Optimal Embedding Dimension for Sparse Subspace Embeddings

A random $m\times n$ matrix $S$ is an oblivious subspace embedding (OSE) with parameters $\epsilon>0$, $\delta\in(0,1/3)$ and $d\leq m\leq n$, if for any $d$-dimensional subspace $W\subseteq R^n$, $P\big(\,\forall_{x\in W}\ (1+\epsilon)^{-1}\|x\|\leq\|Sx\|\leq (1+\epsilon)\|x\|\,\big)\geq 1-\delta.$ It is known that the embedding dimension of an OSE must satisfy $m\geq d$, and for any $\theta > 0$, a Gaussian embedding matrix with $m\geq (1+\theta) d$ is an OSE with $\epsilon = O_\theta(1)$. However, such optimal embedding dimension is not known for other embeddings. Of particular interest are sparse OSEs, having $s\ll m$ non-zeros per column, with applications to problems such as least squares regression and low-rank approximation. We show that, given any $\theta > 0$, an $m\times n$ random matrix $S$ with $m\geq (1+\theta)d$ consisting of randomly sparsified $\pm1/\sqrt s$ entries and having $s= O(\log^4(d))$ non-zeros per column, is an oblivious subspace embedding with $\epsilon = O_{\theta}(1)$. Our result addresses the main open question posed by Nelson and Nguyen (FOCS 2013), who conjectured that sparse OSEs can achieve $m=O(d)$ embedding dimension, and it improves on $m=O(d\log(d))$ shown by Cohen (SODA 2016).

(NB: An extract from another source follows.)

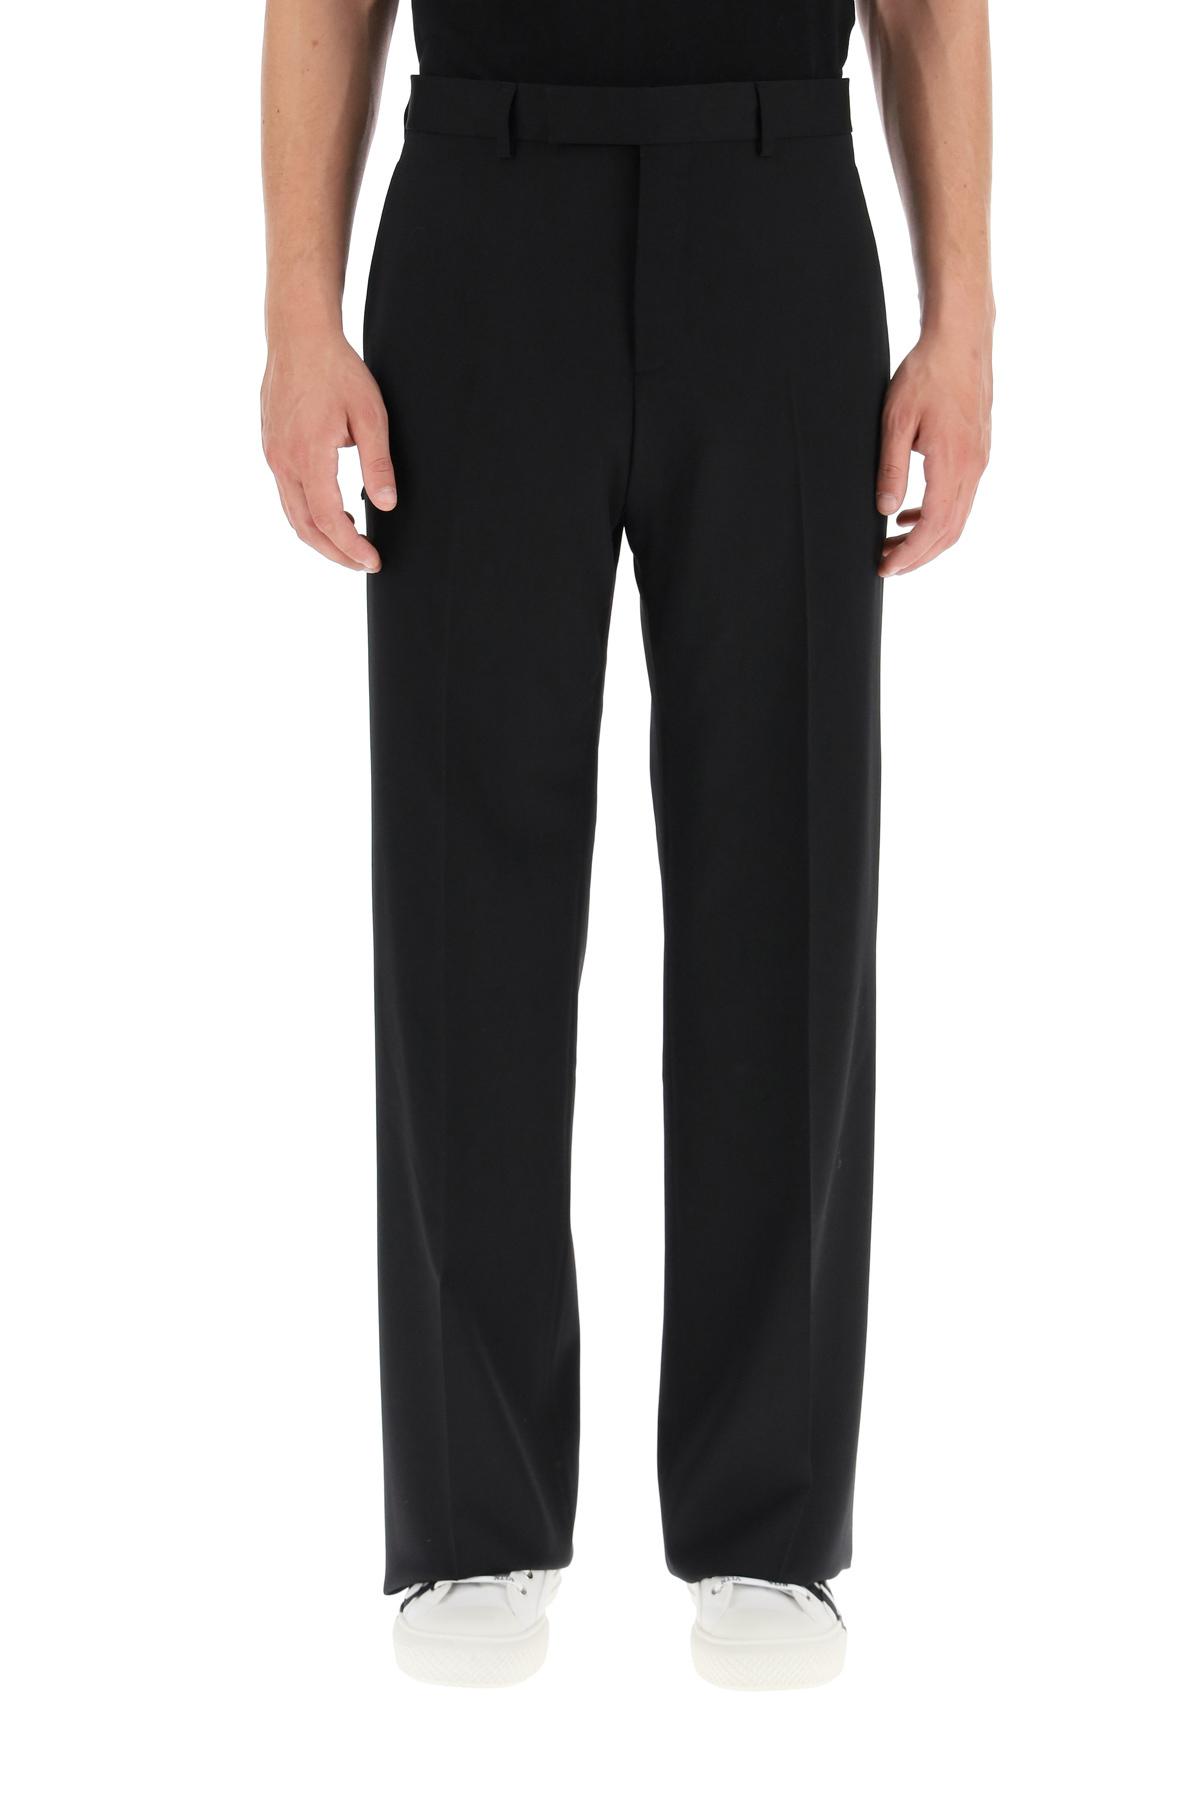 Dior pantaloni cropped in twill di lana

We use this to construct the first oblivious subspace embedding with $O(d)$ embedding dimension that can be applied faster than current matrix multiplication time, and to obtain an optimal single-pass algorithm for least squares regression. We further extend our results to construct even sparser non-oblivious embeddings, leading to the first subspace embedding with low distortion $\epsilon=o(1)$ and optimal embedding dimension $m=O(d/\epsilon^2)$ that can be applied in current matrix multiplication time.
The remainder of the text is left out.